::: LISTED ENTRIES :::

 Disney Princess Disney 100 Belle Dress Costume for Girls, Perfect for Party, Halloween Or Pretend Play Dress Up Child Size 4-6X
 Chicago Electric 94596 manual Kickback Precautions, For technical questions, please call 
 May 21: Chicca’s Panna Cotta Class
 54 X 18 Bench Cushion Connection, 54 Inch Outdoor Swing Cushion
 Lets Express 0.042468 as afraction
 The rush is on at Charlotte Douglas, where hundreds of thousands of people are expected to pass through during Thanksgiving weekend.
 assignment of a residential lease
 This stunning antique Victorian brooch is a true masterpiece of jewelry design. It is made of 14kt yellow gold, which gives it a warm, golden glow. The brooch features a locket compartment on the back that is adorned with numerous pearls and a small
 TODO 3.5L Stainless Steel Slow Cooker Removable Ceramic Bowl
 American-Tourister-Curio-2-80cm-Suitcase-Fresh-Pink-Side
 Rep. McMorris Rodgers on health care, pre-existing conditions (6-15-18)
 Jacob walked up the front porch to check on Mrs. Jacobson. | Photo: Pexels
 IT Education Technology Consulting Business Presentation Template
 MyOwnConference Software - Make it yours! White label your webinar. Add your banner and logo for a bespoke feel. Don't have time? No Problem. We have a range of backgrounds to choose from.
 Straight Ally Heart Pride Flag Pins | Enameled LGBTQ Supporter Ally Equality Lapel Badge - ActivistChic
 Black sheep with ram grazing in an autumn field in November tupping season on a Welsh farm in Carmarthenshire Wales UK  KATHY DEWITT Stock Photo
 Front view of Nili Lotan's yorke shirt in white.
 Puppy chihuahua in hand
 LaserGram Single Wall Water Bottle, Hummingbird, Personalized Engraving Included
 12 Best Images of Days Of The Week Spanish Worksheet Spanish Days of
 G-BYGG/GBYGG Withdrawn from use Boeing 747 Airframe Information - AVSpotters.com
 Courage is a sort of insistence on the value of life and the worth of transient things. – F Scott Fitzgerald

:::

## WORK INSTRUCTIONS
Each line above that contains the word "Photo" should be returned.

## ANSWER SPACE
 Jacob walked up the front porch to check on Mrs. Jacobson. | Photo: Pexels
 Black sheep with ram grazing in an autumn field in November tupping season on a Welsh farm in Carmarthenshire Wales UK  KATHY DEWITT Stock Photo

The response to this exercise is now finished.